Colour for *env* gene in summary plots. Default is pink


#### other_colour
`string` (hex colour code with #) <br>
Default: `#33b54d`<br>


Colour for anything which doesn't relate to a specific gene in summary plots. Default is green.


#### match_axes
`string` `True` or `False`<br>
Default: `False`


If True, when gag, pol and env are shown as subplots on the same figure they should all have the same axis limits. If they do some can be very small but they are more comparable.

### ORFs
*Parameters for ORF identification*

#### min_orf_len
`integer`<br>
Default: `100`


Minimum length of ORFs to characterise.


#### translation_table
`integer` <br>
Default `1`


Translation table to use when identifying ORFs - listed here https://www.ncbi.nlm.nih.gov/Taxonomy/Utils/wprintgc.cgi. Usually table 1 is fine - default plus alternative initiation codons


### trees
*Phylogenetic tree parameters*

#### use_gene_colour
`string` `True` or `False`<br>
Default: `True`


Use the colours specified in the plots section for each gene to highlight newly identified ERVs. If this is `True`, `highlightcolour` will be ignored and the gene colours will be used instead.If it is `False`, `highlightcolour` is used to highlight newly identified ERVs.

#### maincolour
`string` (hex colour code with #) <br>
Default: `#000000`


Main colour for text in tree images. Default is black.


#### highlightcolour
`string` (hex colour code with #) <br>
Default : `#382bfe`


Text colour for leaves highlighted in tree images - newly identified ERV-like regions. This is ignored if `use_gene_colour` above is `True`. Default is blue.


#### outgroupcolour
`string` (hex colour code with #) <br>
Default: `#0e954b`


Text colour for outgroup in tree images.
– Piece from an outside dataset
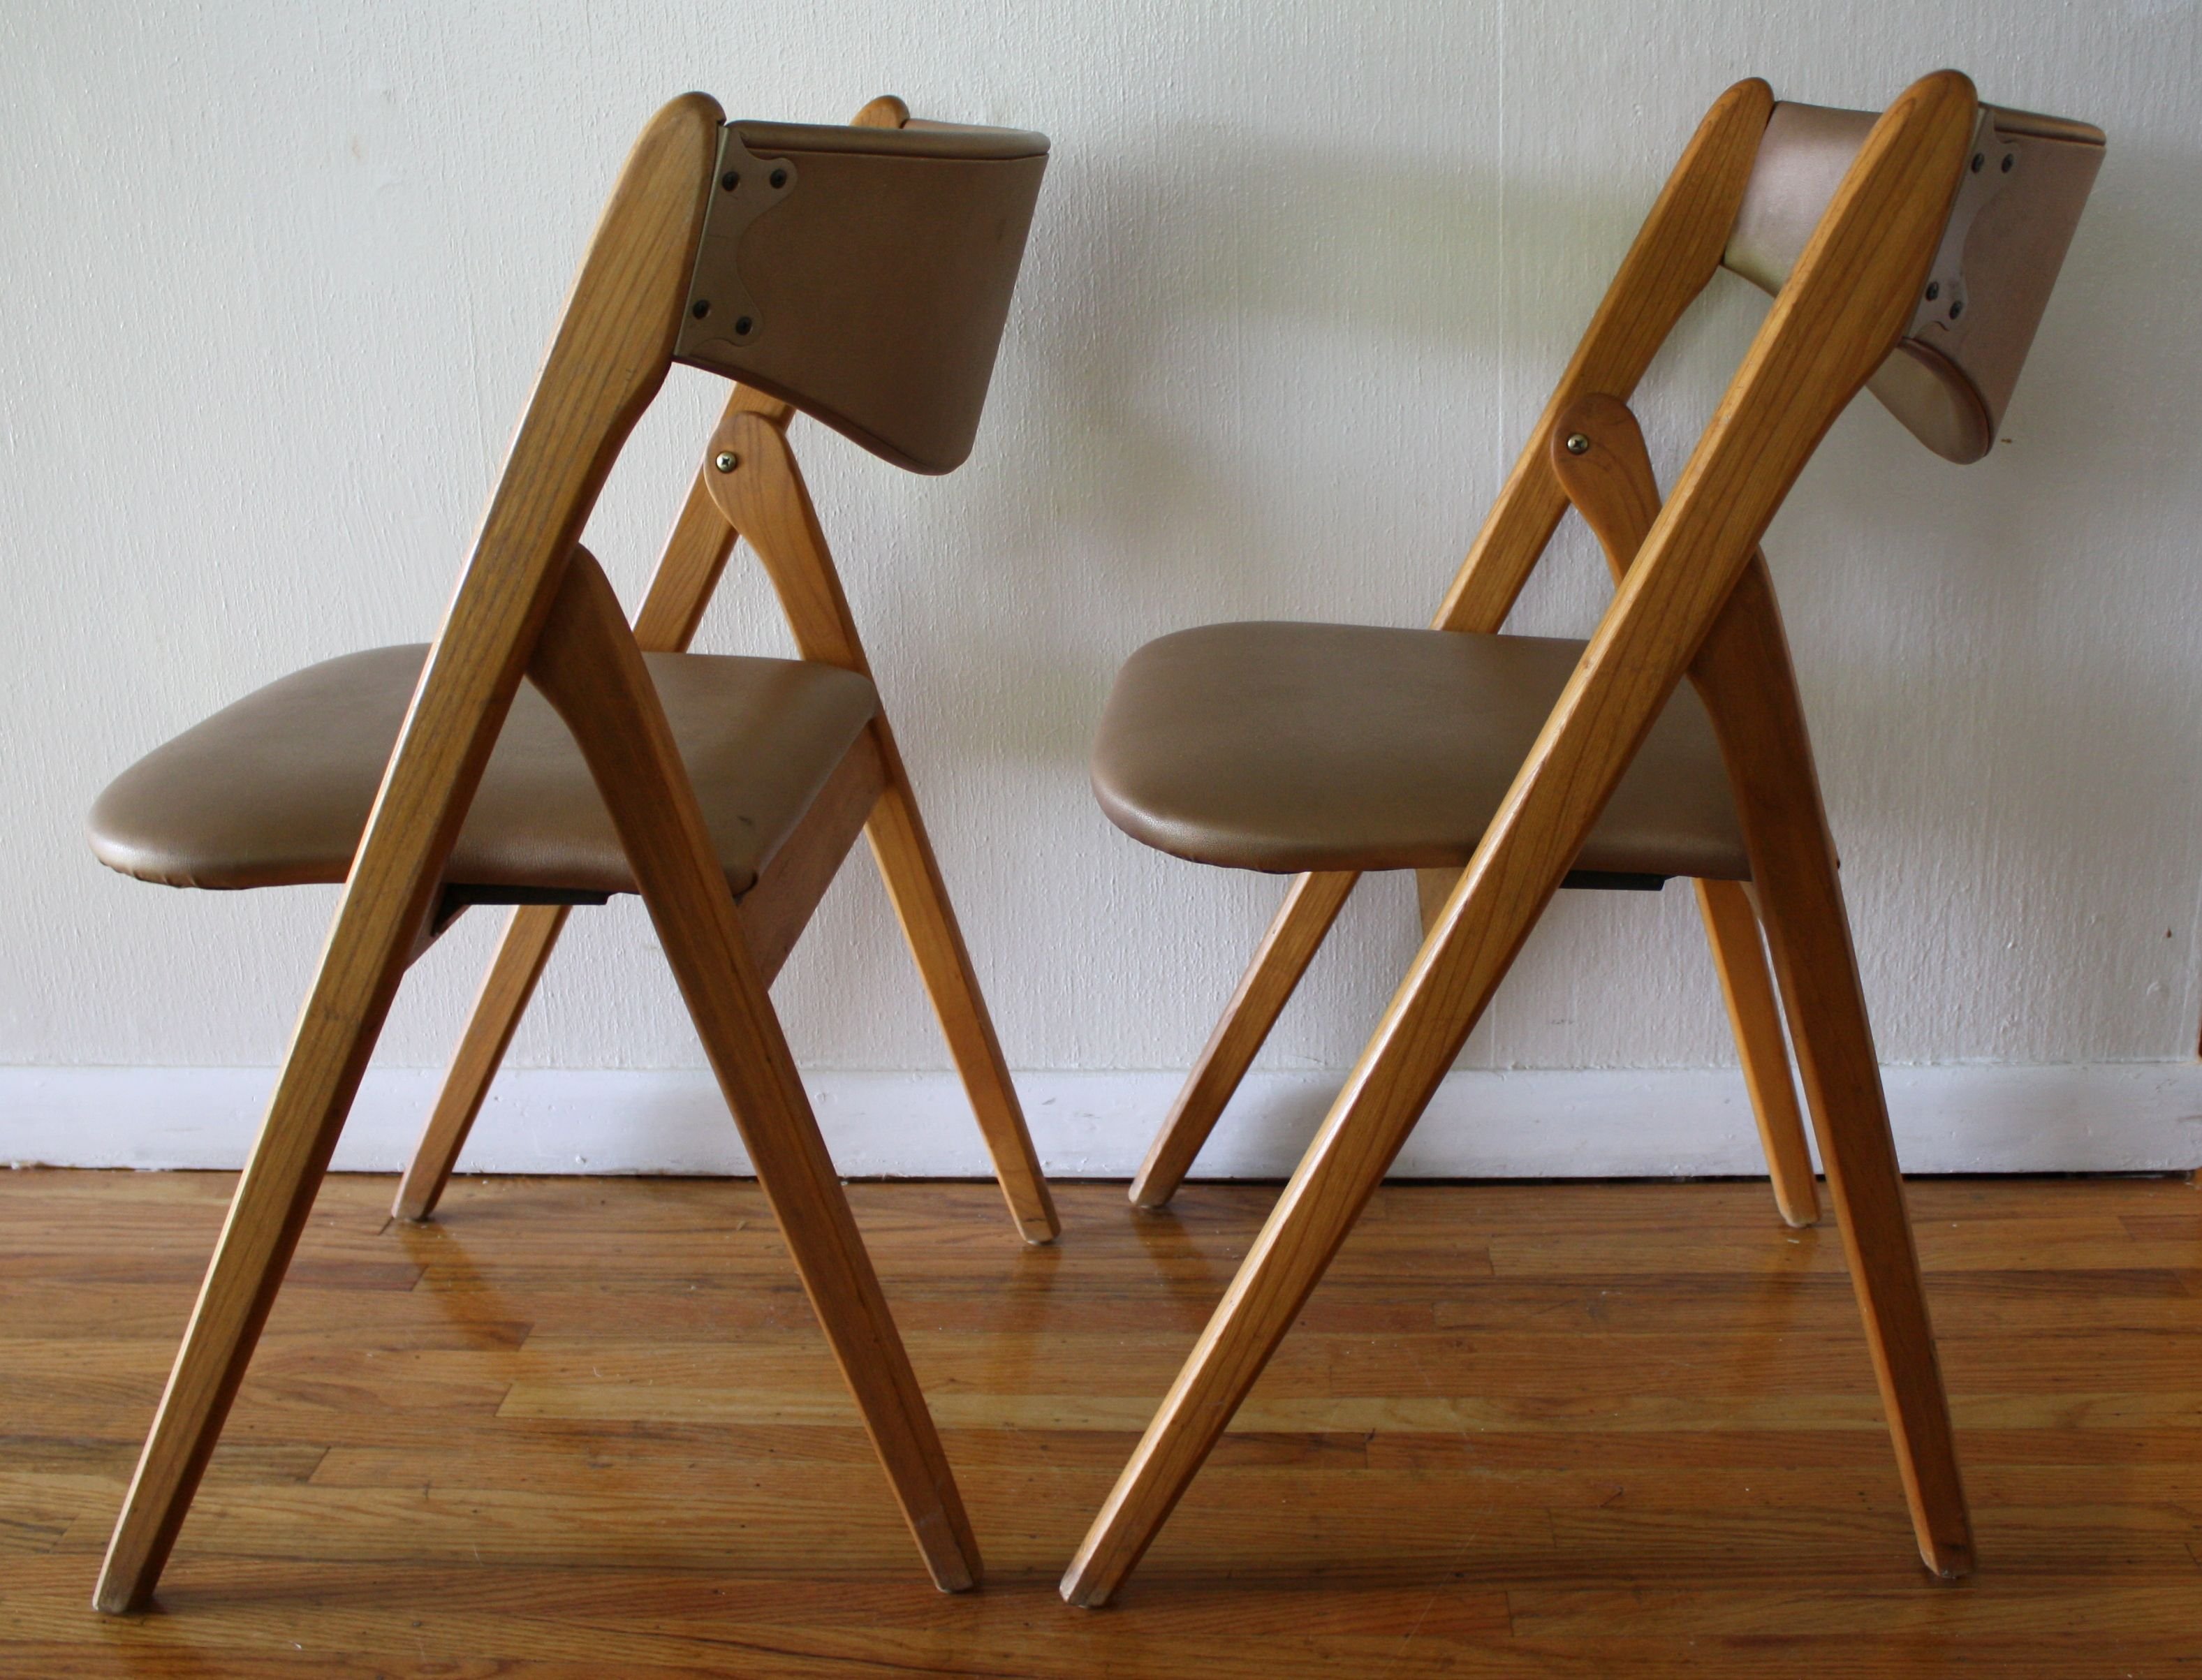 Складные стулья отзывы. Стул МИД сенчури. Стул Chair (Чаир) раскладной. Стул складной деревянный икеа. Складные стулья Mid Century Modern.

Default is green.


#### dpi
`integer`<br>
Default: `300`
Dots per inch for phylogenetic tree images.


#### format
`string` `png`, `svg`, `pdf` or `jpg`<br>
Default: `png`


File format for phylogenetic tree images, can be svg, png, pdf or jpg


### regions
*Parameters for defining regions with ORFs from more than one retroviral gene*

#### maxdist
`integer`<br>
Default: 3000


Maximum distance (in nucleotides) between ORFs to be defined as part of the same ERV region.

##### maxoverlap
`float`<br>
Default: 0.5


Maximum proportion of an ORF which can overlap with an ORF from another gene before they are filtered out.